Nim
For information on NIMH, see National Institute of Mental Health
NIM is also short for the National Independents Movement. ---
Nim is a two-player game in which players take turns removing objects from heaps, one or more objects at a time but only from a single heap. The players are forced to take at least one object, and are allowed to take the whole heap. In the normal version, the player to take the last object wins; in the misère version of the game, the player to take the last object loses. It is this version that is most commonly played in practice. The name was invented by C. L. Bouton of Harvard University, who also developed the complete theory of the game about 100 years ago, but the origins of the name were never explained. The name is probably derived from German nimm! meaning "take!". Some people have noted that turning the word NIM results in WIN, but this is probably just a coincidence.
Nim is now used as a simple illustration of the Sprague-Grundy theorem.
A version of this game is played in Alain Resnais' movie L'année dernière à Marienbad.

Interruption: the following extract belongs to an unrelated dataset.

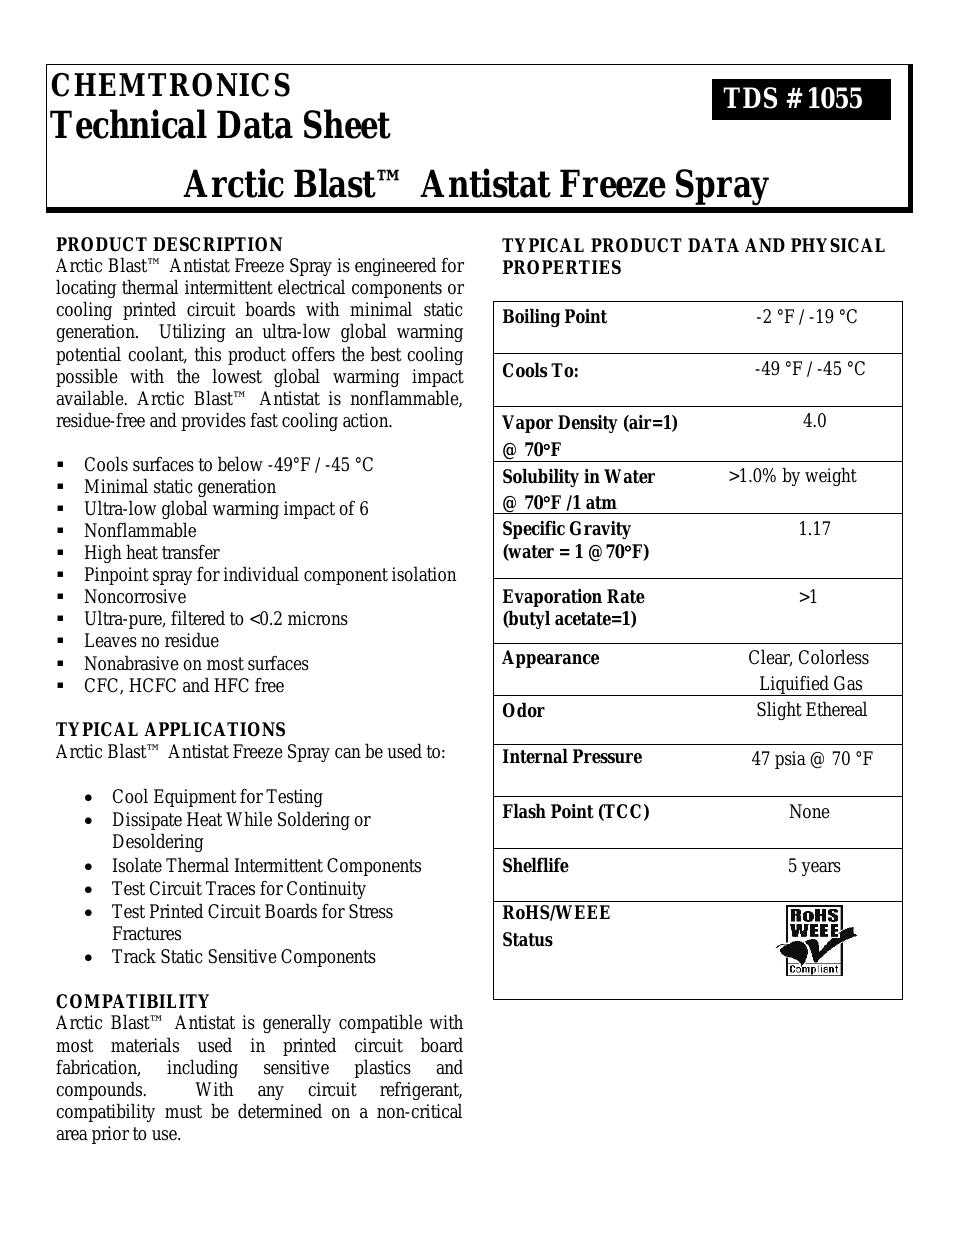 Arctic Blast Antistat ES1055

A typical normal game starts with heaps of 3, 4 and 5 objects:
A B C (Heaps A, B, and C)
3 4 5 I take 2 from A
1 4 5 You take 3 from C
1 4 2 I take 1 from B
1 3 2 You take 1 from B
1 2 2 I take entire C heap
1 2 0 You take 1 from A
0 2 0 I take entire B heap and win.
(In the misère game I would only take 1)
Nim has been mathematically solved for any number of initial heaps and objects; that is, there is a defined and guaranteed way to win for one of the players, be it the normal or misère game. In a typical misère game that starts with heaps of 3, 4, and 5, player 1 will win with optimal play.
The key to the theory of the game is the binary digital sum of the heap sizes, that is, the sum (in binary) neglecting all carry overs.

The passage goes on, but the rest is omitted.